Work order. Where a line below contains "Janeiro", count it. Reply with the total only.

Source records.
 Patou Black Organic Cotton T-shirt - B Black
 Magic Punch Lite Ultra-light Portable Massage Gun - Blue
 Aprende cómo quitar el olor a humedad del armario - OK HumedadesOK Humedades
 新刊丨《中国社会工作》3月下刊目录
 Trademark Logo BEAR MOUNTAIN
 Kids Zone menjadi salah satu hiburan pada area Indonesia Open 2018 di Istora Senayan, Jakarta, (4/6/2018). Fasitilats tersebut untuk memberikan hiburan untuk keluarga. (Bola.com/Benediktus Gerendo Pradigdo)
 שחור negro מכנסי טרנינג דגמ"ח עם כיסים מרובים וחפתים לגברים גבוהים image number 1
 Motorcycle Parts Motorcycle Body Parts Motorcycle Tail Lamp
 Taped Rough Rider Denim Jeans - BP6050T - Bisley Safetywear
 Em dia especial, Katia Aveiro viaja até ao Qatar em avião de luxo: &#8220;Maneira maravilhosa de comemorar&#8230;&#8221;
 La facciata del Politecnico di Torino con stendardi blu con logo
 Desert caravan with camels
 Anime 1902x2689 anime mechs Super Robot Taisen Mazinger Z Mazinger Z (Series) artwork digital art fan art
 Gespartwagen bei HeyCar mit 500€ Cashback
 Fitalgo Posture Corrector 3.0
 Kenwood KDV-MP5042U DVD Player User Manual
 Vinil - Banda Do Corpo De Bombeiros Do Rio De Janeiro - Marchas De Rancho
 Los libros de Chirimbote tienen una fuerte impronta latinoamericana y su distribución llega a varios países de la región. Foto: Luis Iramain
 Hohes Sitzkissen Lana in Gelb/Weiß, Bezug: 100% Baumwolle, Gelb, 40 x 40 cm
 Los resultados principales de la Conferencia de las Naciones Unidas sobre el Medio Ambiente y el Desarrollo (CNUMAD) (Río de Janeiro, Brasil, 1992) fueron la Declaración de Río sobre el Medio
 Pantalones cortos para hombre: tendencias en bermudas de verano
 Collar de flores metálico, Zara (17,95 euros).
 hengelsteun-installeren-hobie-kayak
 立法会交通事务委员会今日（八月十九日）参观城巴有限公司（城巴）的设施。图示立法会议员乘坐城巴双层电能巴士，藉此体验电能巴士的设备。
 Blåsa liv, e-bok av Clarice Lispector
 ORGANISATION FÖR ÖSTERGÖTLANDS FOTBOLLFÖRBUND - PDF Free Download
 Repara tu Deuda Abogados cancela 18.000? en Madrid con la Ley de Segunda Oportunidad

Exercise response. 2